FIG. 1 is a sectional view of an essential part of a liquid fuel combustion device according to an embodiment of the present invention.

FIG. 2 is a sectional view of a main part of an atomizing section in the same device.

FIG. 3 is a cross-sectional view of an essential part for explaining the action of an atomizing unit in the same device.

FIG. 4 is a cross-sectional view of essential parts of a liquid fuel combustion apparatus according to another embodiment of the present invention.

FIG. 5 is a sectional view of a main part of a conventional liquid fuel combustion device.

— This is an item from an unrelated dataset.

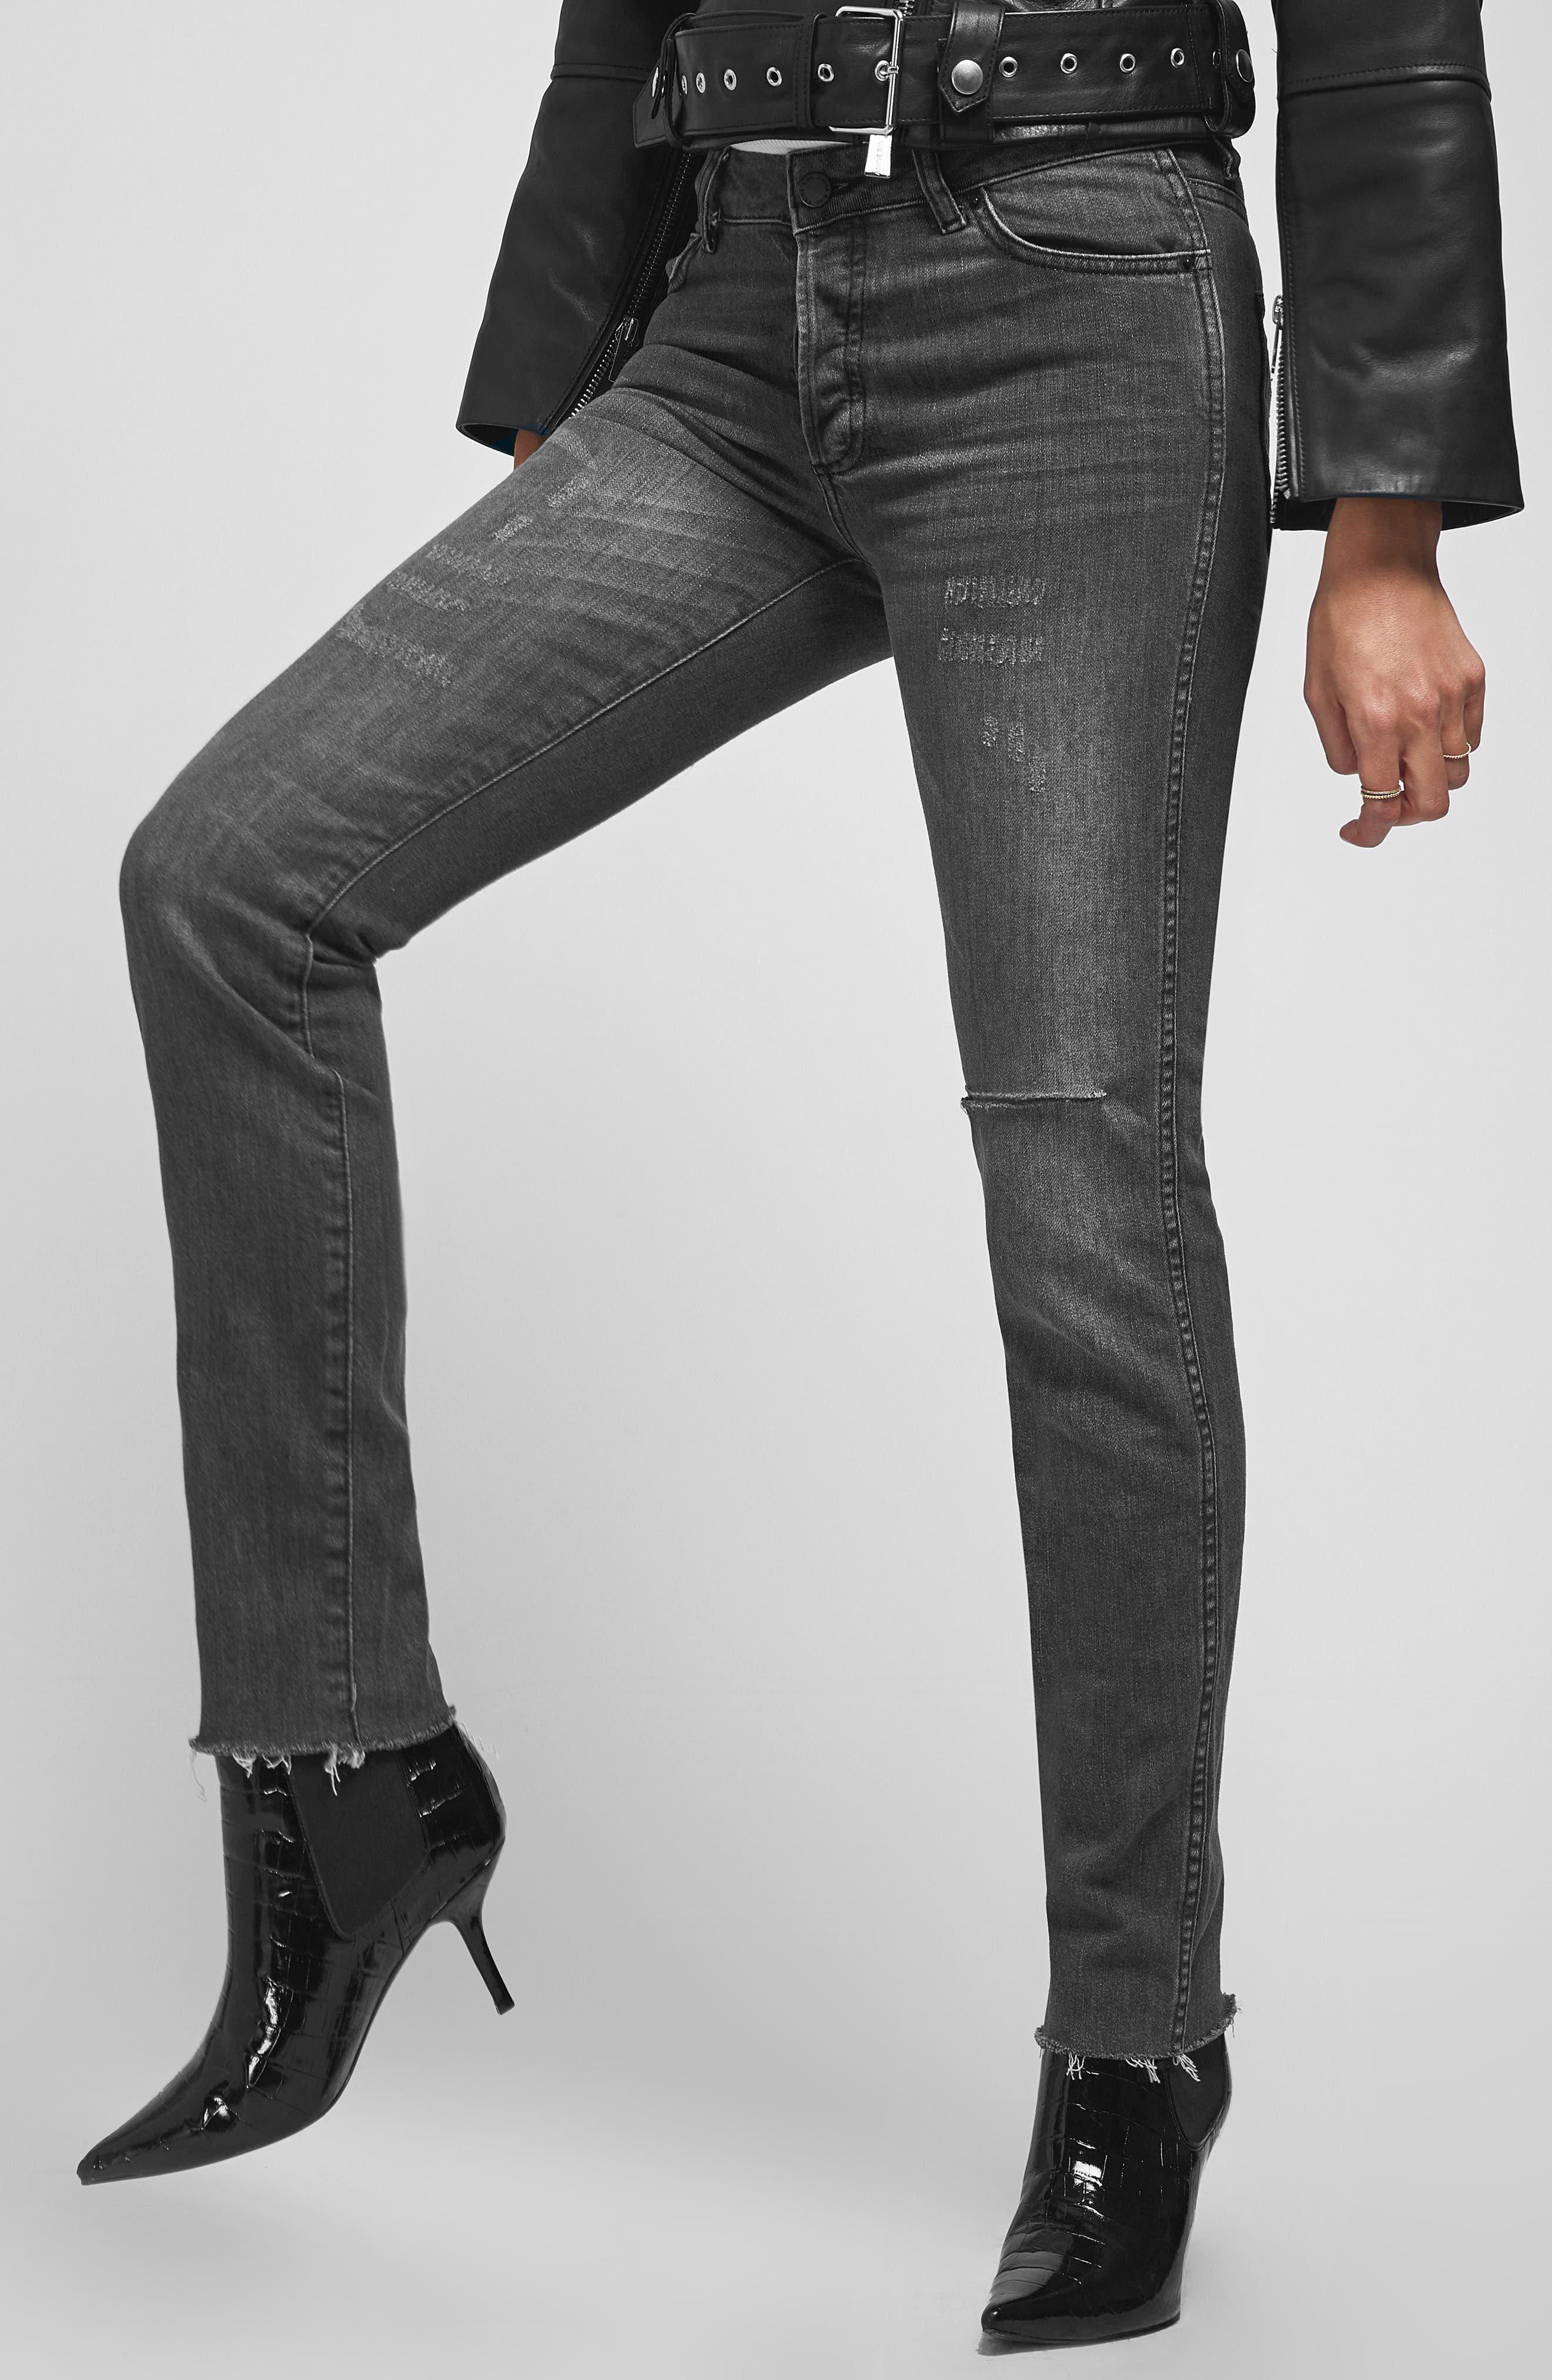 Kara Skinny Jeans,                             Alternate thumbnail 3, color,                             CHARCOAL

FIG. 6 is a cross-sectional view of essential parts of another conventional liquid fuel combustion apparatus.

[Explanation of symbols]

 20 Atomization chamber 21 Atomization section 29 Combustion section 31 Primary air supply section 34 Secondary air supply section 35 Fuel nozzle 36 Liquid fuel supply section 37 Nozzle head 39 Fuel ejection hole 40 Air nozzle 41 Air supply section 42 Air ejection hole 43 Aeration Department

 ─────────────────────────────────────────────────── ─── Continuation of the front page (72) Inventor Norio Nobuya 1006 Kadoma, Kadoma City, Osaka Prefecture Matsushita Electric Industrial Co., Ltd.

Claims (2)

[Claims] 1. A fuel nozzle having a liquid fuel supply portion to which liquid fuel is supplied, and a nozzle head connected to a tip of the fuel nozzle to form a fuel injection hole between the outer periphery of the tip of the fuel nozzle. Atomizing air is supplied so as to collide with a predetermined position of the fuel jet ejected in a thin film form from the fuel ejecting hole provided on the outer periphery of the fuel nozzle, and an air ejected outside the fuel ejecting hole An air nozzle having a hole and an air supply part for supplying air to the air ejection hole, an atomizing part formed of a ventilation part formed between the fuel nozzle and the air nozzle, and the atomizing part The atomization chamber, a primary air supply unit that supplies primary air to the atomization chamber, a combustion unit that is provided in communication with the atomization chamber downstream, and an air supply unit that supplies air to the combustion unit. A liquid fuel combustion apparatus having a secondary air supply unit. 2. The liquid fuel combustion apparatus according to claim 1, wherein the air ejection holes are provided so that an angle formed by the fuel jet direction and the air flow direction is 90 degrees or more.